# Blowin' Smoke in 4th and 5th gear!



## s14_drifter (Aug 21, 2006)

Hey Guys! I'm new to the forum and had a question regarding a little problem I'm having with my '95 240sx. Basically for the past 2 weeks when I drive my car on the freeway and I'm in 4th gear and reach about 3,000 RPMs and up my car begins to let out light blue smoke from the exhaust. When I shift to fifth gear it does it when I reach speeds of about 70 MPH. Right before it begins to smoke it makes somewhat a light rattling noise and continues to do so as it smokes. It only smoke in these two gears all the other gears(1-3) don't smoke at all in any RPM range. What can this be? I'm not too mechanically inclined. Thanks for any input and suggestions in advance.


----------



## Dustin (Dec 14, 2003)

hm, only in the top end gears, and 3k+ rpms.. that is odd, i honestly have no idea if it doesn't do it in the lower gears. i'd be inclined to say it's a transmission problem, except it's coming from the exhaust. i'm baffled.


----------



## rogoman (Dec 16, 2004)

From your description, it looks like the motor is burning oil.

You can verify that by first fully warming up the motor. Stand behind the car. Have someone rev the motor to 4,000 RPM and hold at that RPM for about 15 seconds. If you see a lot of blue smoke come out of the tailpipe, the motor is burning excessive oil; Time for new rings. 

As for the rattling at higher RPMs, it may be due to oil starvation or weak valve springs. Make sure the oil level is at the full mark. You might want to check the oil pressure.

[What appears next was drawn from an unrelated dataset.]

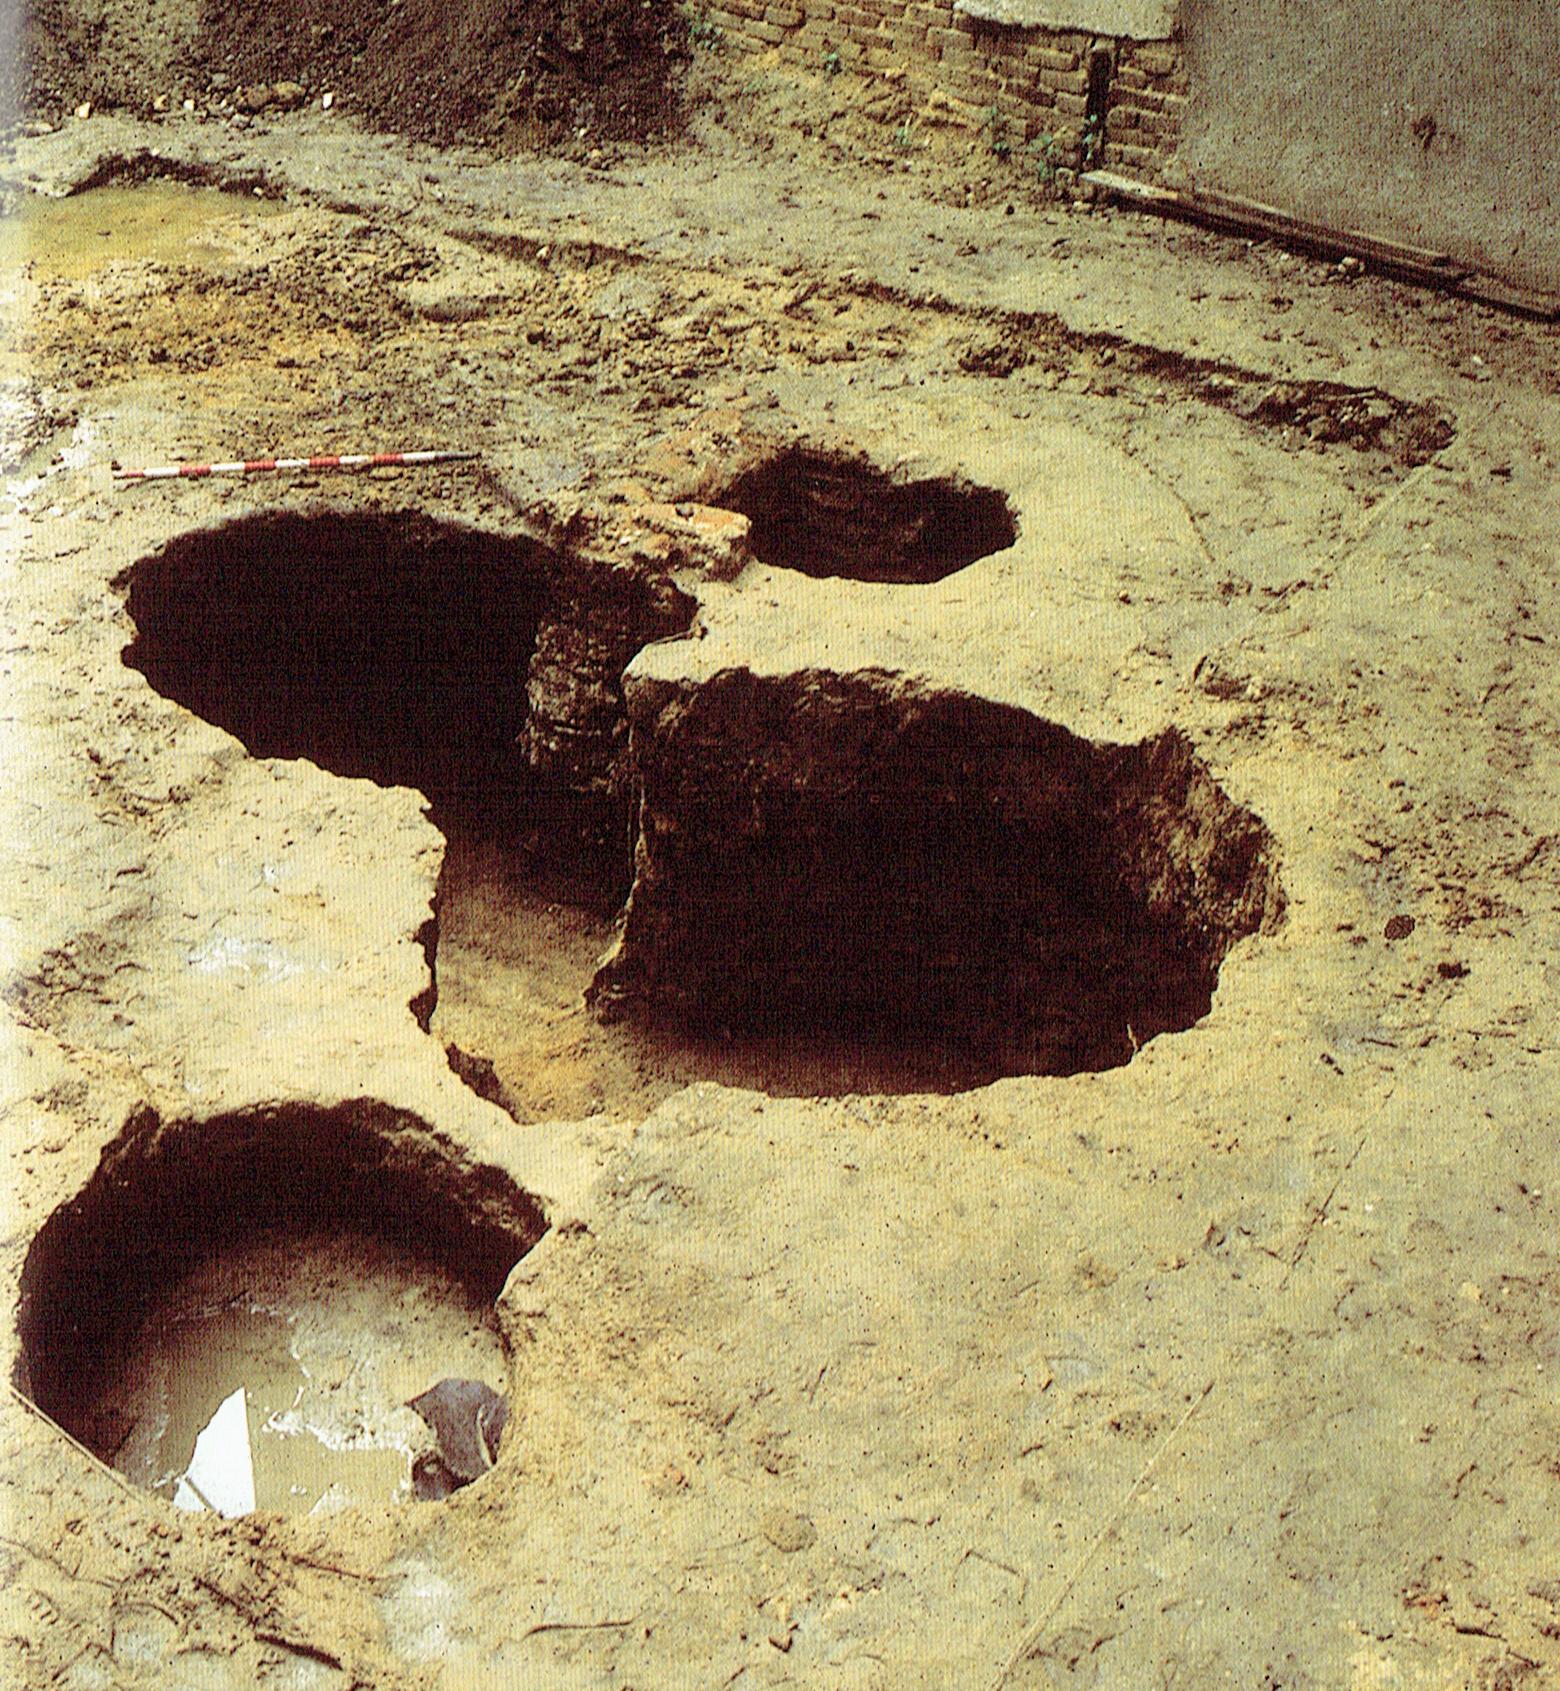 ¿Un asentamiento humano de la Edad del Bronce en el cerro de las Vistillas?
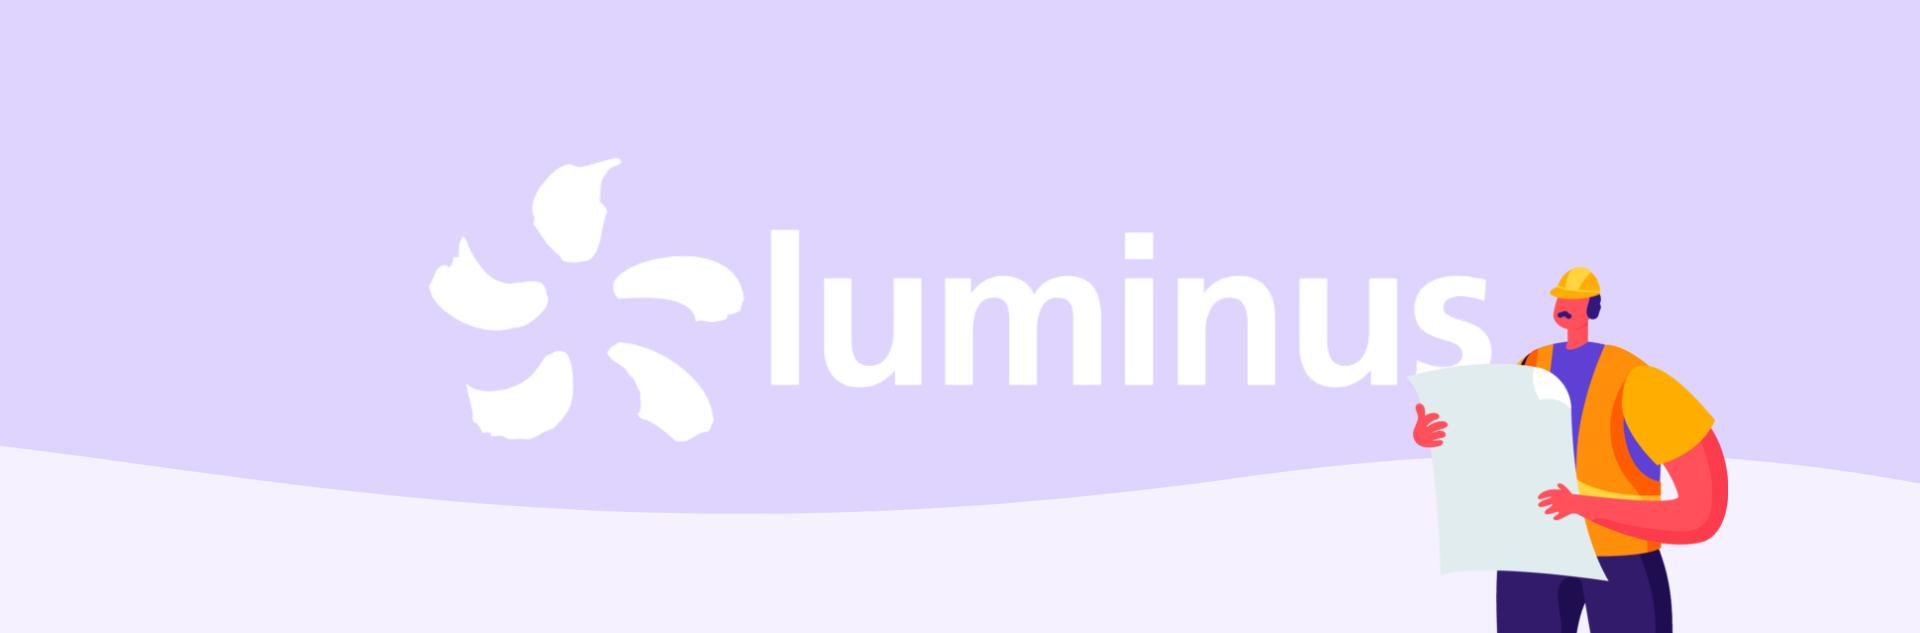 Case banner image

You can check the pressure very easily by installing a temporary mechanical oil pressure gauge. You would remove the oil sensor which is located next to the oil filter and install the mechanical oil pressure gauge in it's place; you may need to get an 1/8 BSPT to 1/8 NPT adapter to hook up the gauge.

With the engine fully warmed up, the pressure should be as follows:
idle - at least 11 psi
3000 RPM - 60 to 70 psi


----------